The Chinese driving course is extremely difficult, and it has not changed much over the years. The details of the challenge shift from place to place, coach to coach.

#35

In Shanxi Province, sections of the Great Wall are alongside the Yellow River, and for nearly one hundred miles I followed the high loess banks. The driving here was easy, because the government infrastructure campaign had recently improved local roads.

#36

The Ordos Desert is one of the most important regions in the history of the Great Wall of China.
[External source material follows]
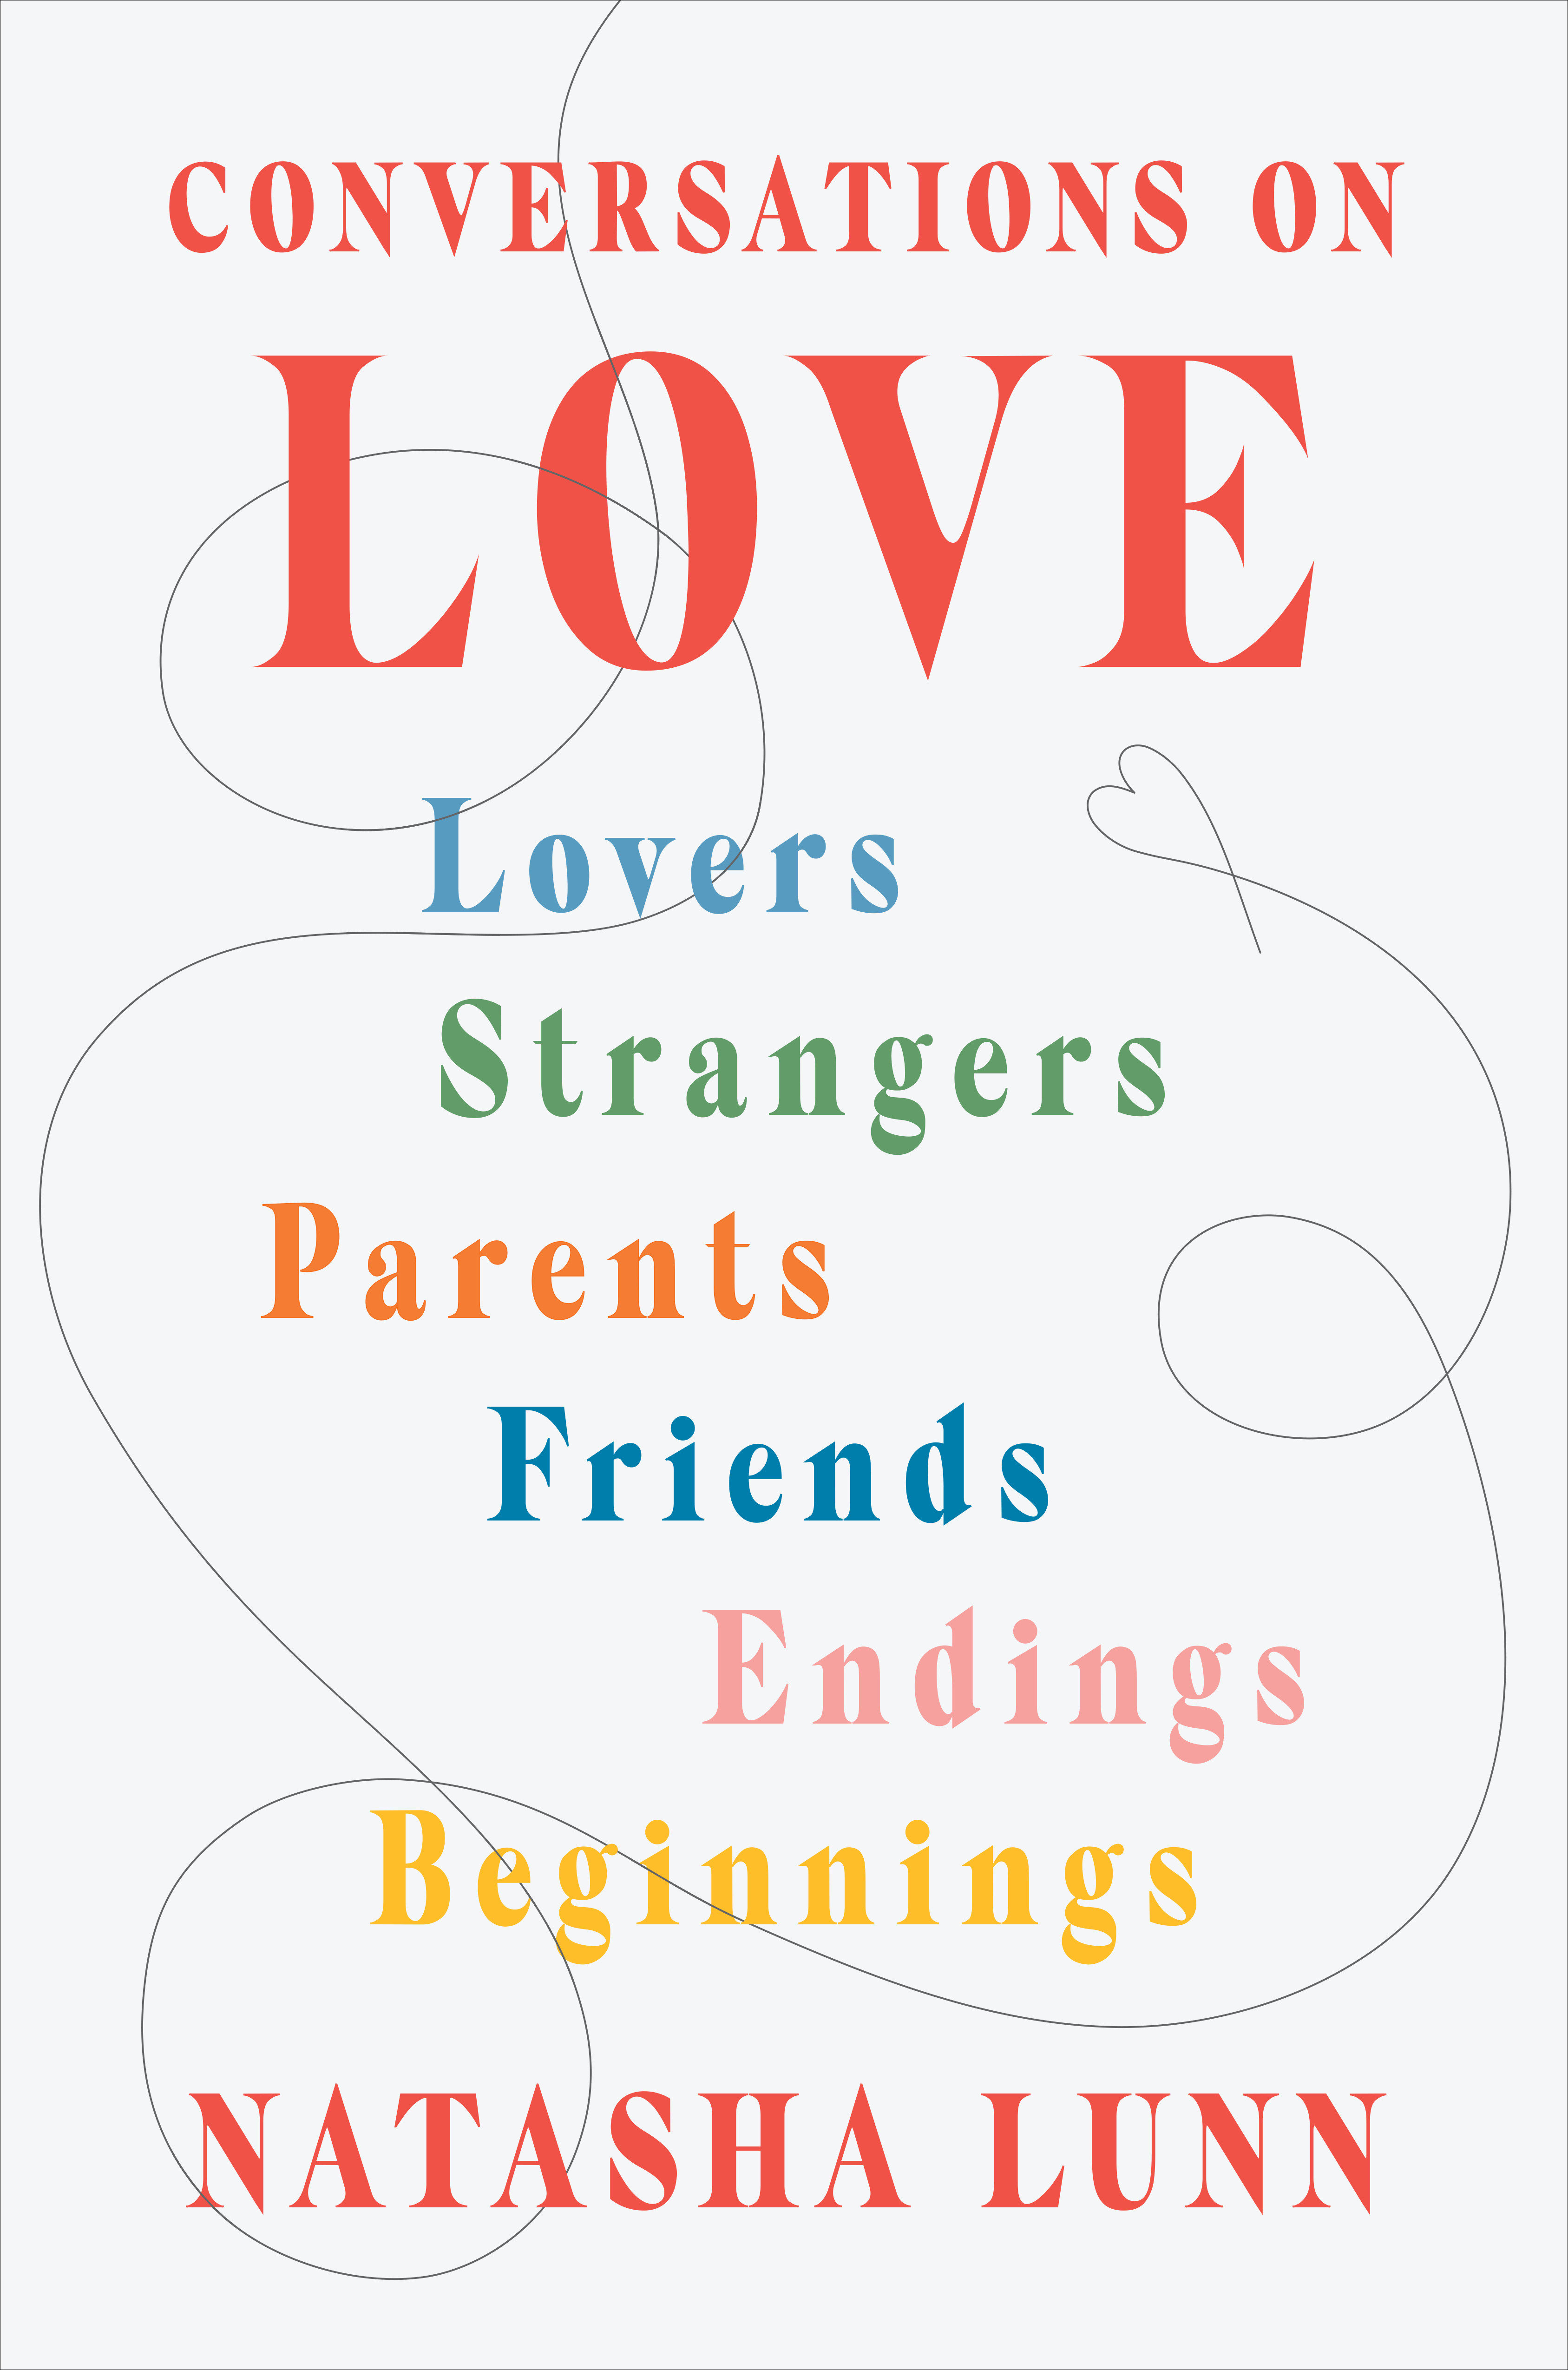 Conversations on Love Lovers, Strangers, Parents, Friends, Endings, Beginnings cover image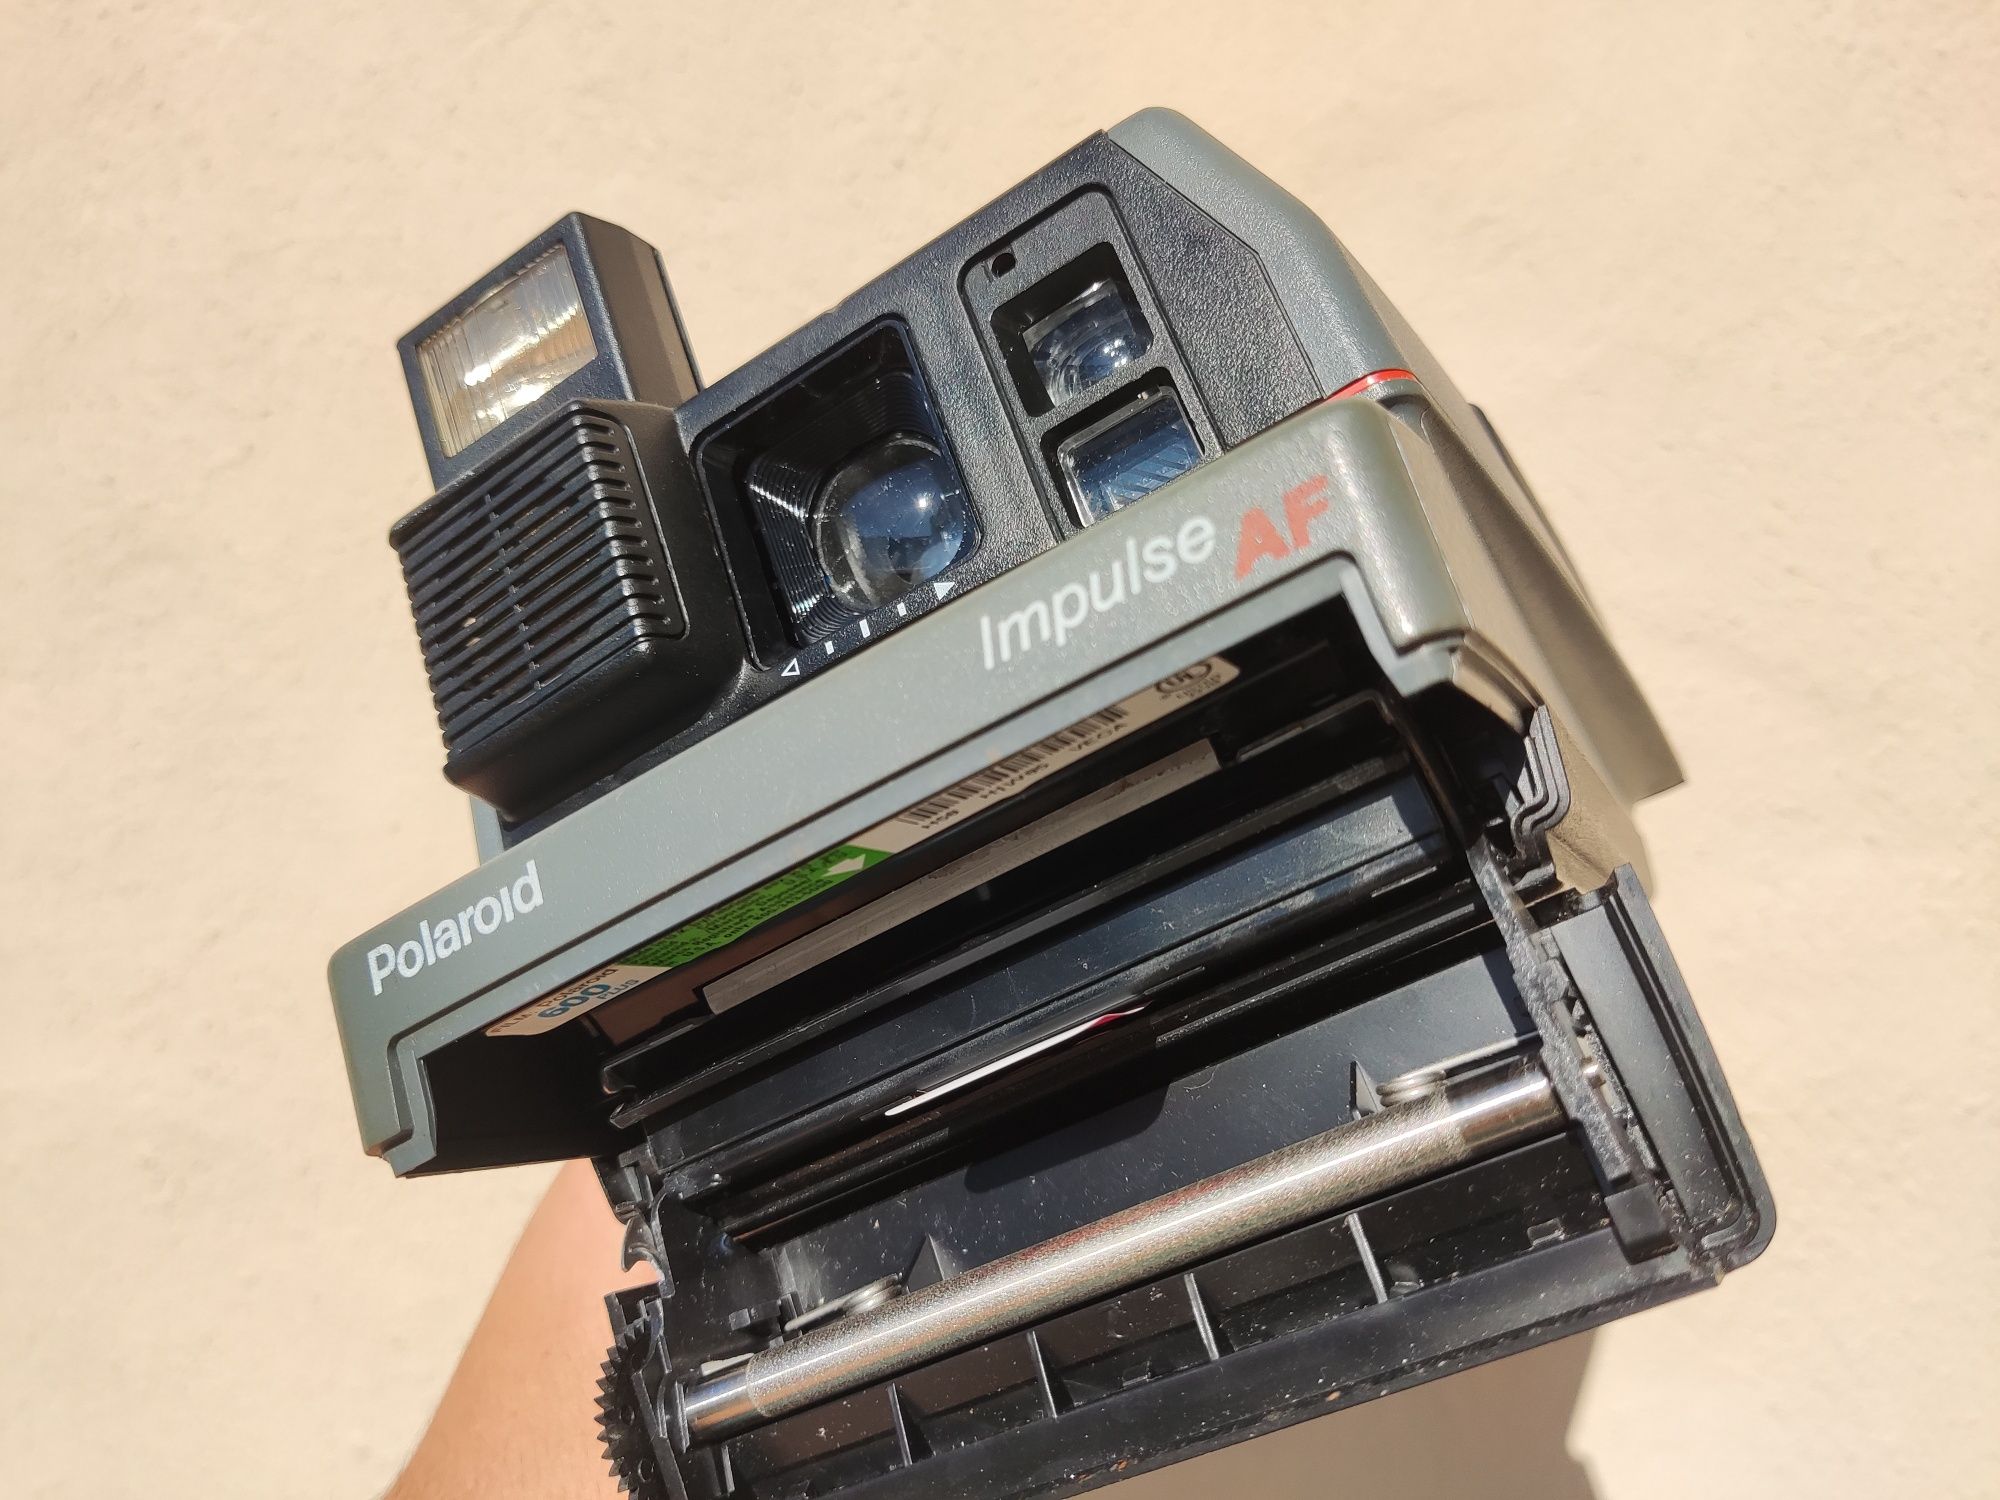 Polaroid Impulse AutoFocus System (1994) - vintage

The Ordos was once suitable for nomads, but in modern times it has been transformed into a desert due to lack of water.

#37

The Great Wall was being buried north of Yulin. People were trying to reform the barren landscape, but it was clear that Wushenqi’s efforts had been disastrous.

#38

In recent years, the local government has adopted a new strategy. Instead of planting rice or grain, they seed willow trees and use the leaves to feed sheep. They call it the pasture in the sky. But the groundwater is dropping, and the desert simply can’t support any more agriculture.

#39

I had planned to split my journey into two parts, to see the countryside in both autumn and spring. In Yulin, I intended to rest and decide how much farther to chase the wall. But the local government made the decision for me.

#40

I drove to Yan’an, the cradle of the Chinese Communist Revolution, where Mao and other leaders had built their base in the 1930s. I checked into a hotel without attracting attention. But the police appeared before I had even finished unpacking.